Dear Tiny Lump,
I thought it only fair to write to you. After all, you’ve barged into my life and changed it forever – so we might as well take a trip down memory lane together.
Hmm. That feels like a lump.
Okay, Marlene, don’t panic. Feel again.
Yup. Definitely something there. Let’s compare with the other side – nope, that’s for sure a lump. Tiny, about the size of a pea, but still. There is a lump in my left breast. And it actually hurts a little.

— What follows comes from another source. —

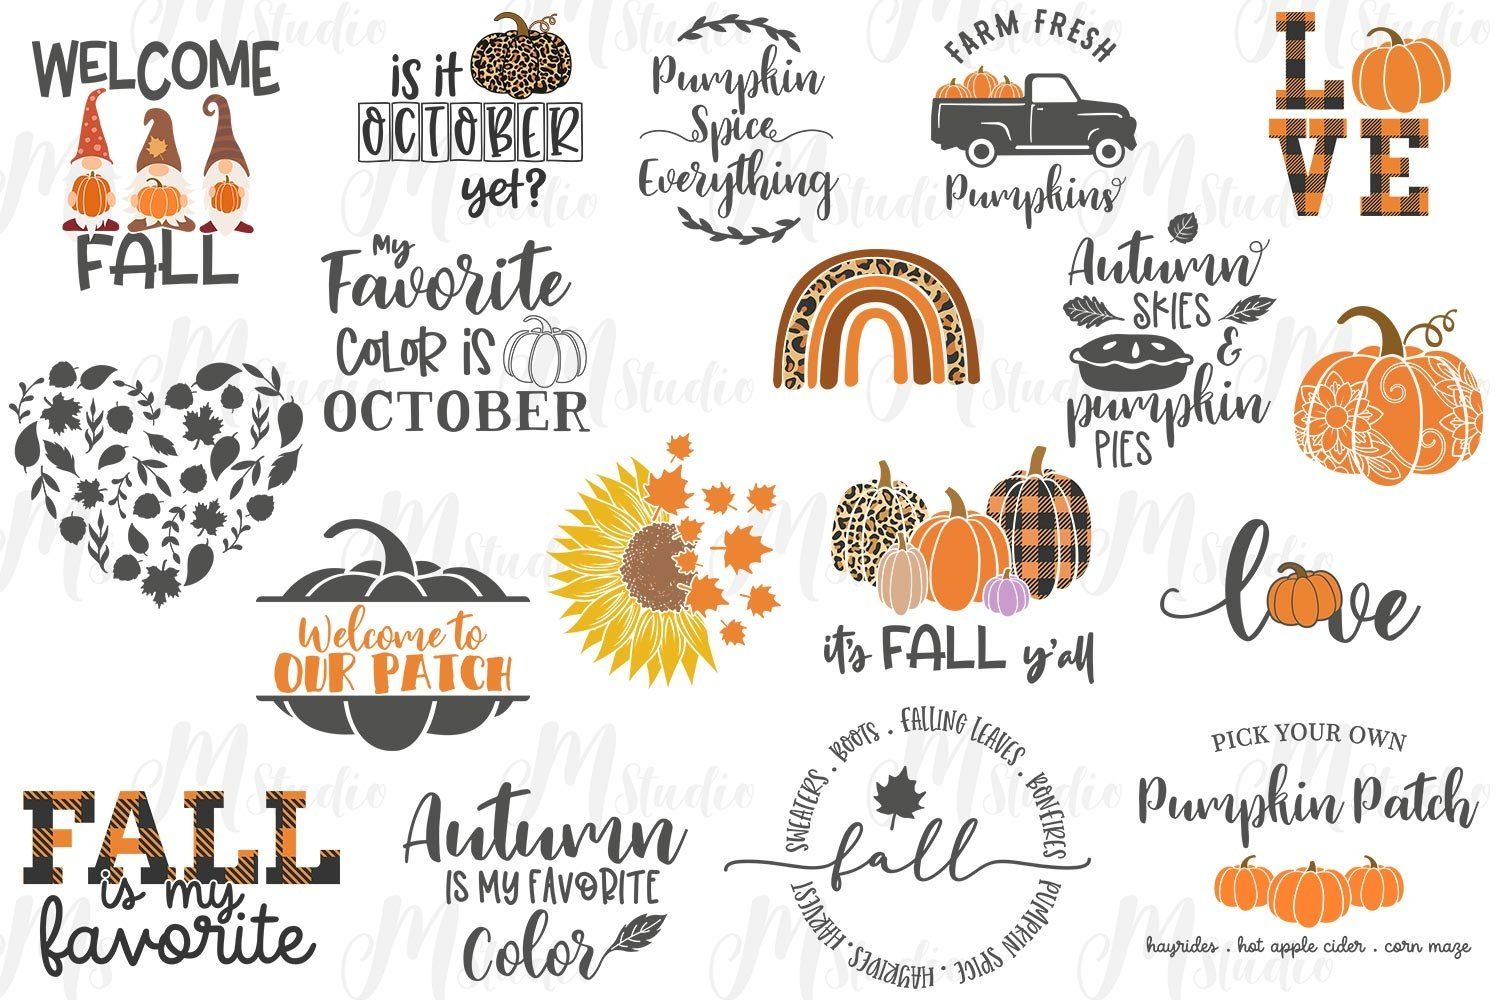 Autumn designs.

Okay, okay – no need to let Dr. Google send me into a spiral. Sure, if I search this, “breast cancer” will be the first thing that pops up, but let’s be rational for a second: I’m only 32. No family history of breast cancer.
You simply cannot be cancer, right Tiny Lump?

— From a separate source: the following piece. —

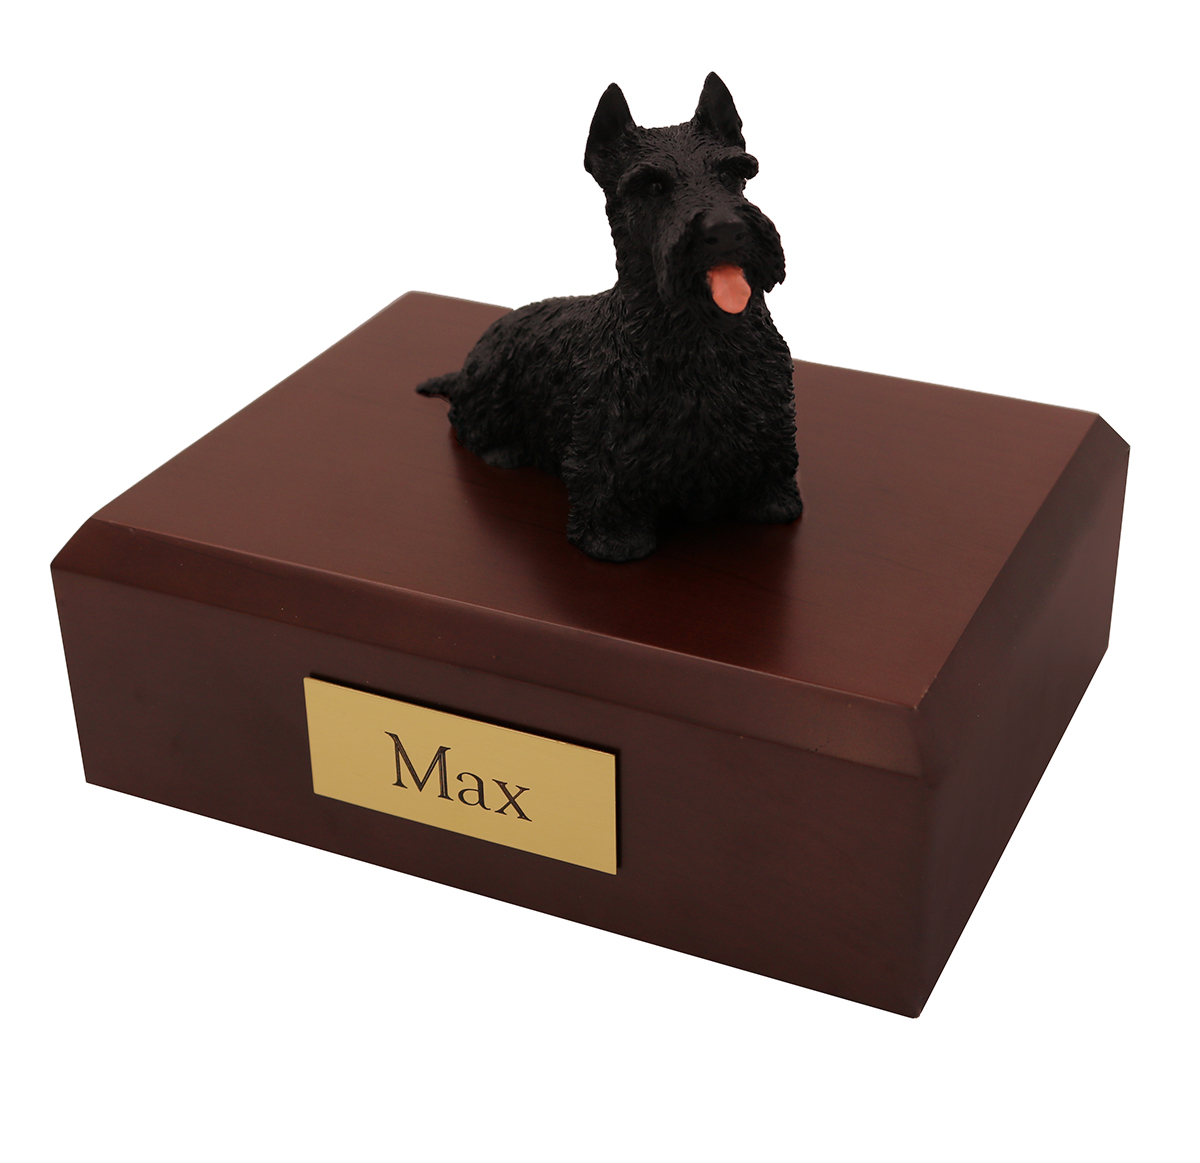 Dog, Scottish Terrier, Black - Figurine Urn

I’ve heard of plenty of women finding lumps, just like you, that turn out to be nothing – just hormones, cysts, stress.
Nha Marlene, you’ll be fine. Drink some paracetamol. Go to bed. It’ll be gone in a few days…
It’s been four days.
You’re still here, Tiny Lump.
Who are you, and why have you decided to make an appearance? Are you here to stay? Should I be worried?

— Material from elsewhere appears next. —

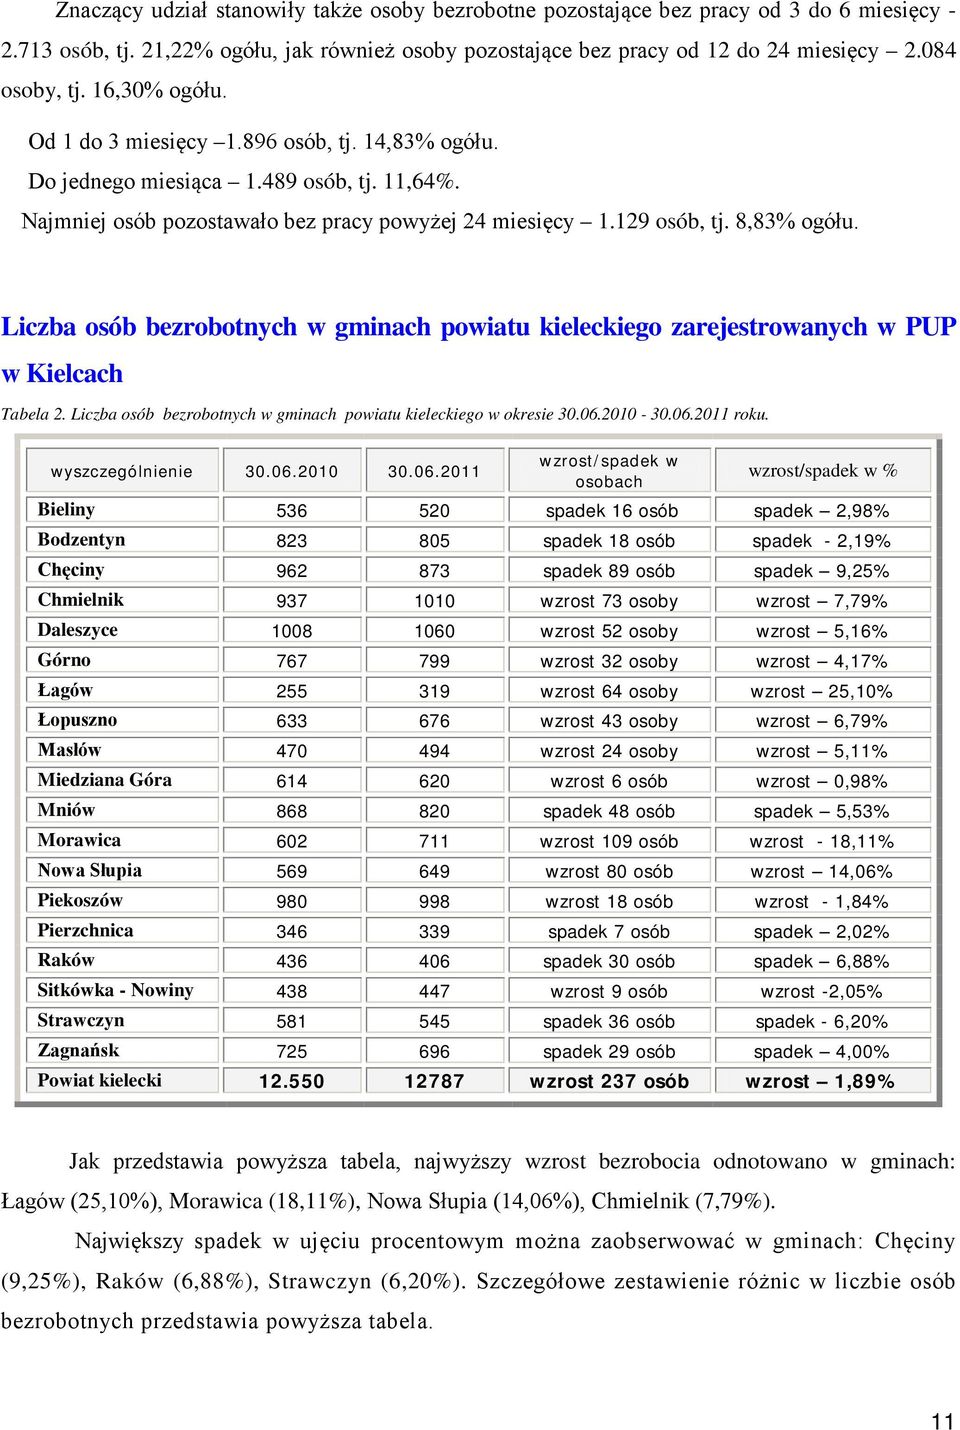 Liczba osób bezrobotnych w gminach powiatu kieleckiego zarejestrowanych w PUP w Kielcach Tabela 2. Liczba osób bezrobotnych w gminach powiatu kieleckiego w okresie 30.06.2010-30.06.2011 roku.

Let’s see if someone on YouTube can confirm that you’re most likely not cancer.
After a quick search, I stumble upon:
I press play.
Okay, no alarming signs. Apart from you, Tiny Lump, nothing else seems suspicious. I don’t even finish the full five-minute video before convincing myself:
“No. It simply cannot be cancer. Logically, that wouldn’t make sense. Stop scaring yourself and go to bed.”
Whoa. Catherine, Princess of Wales, announces her cancer diagnosis. Shockwaves through the world.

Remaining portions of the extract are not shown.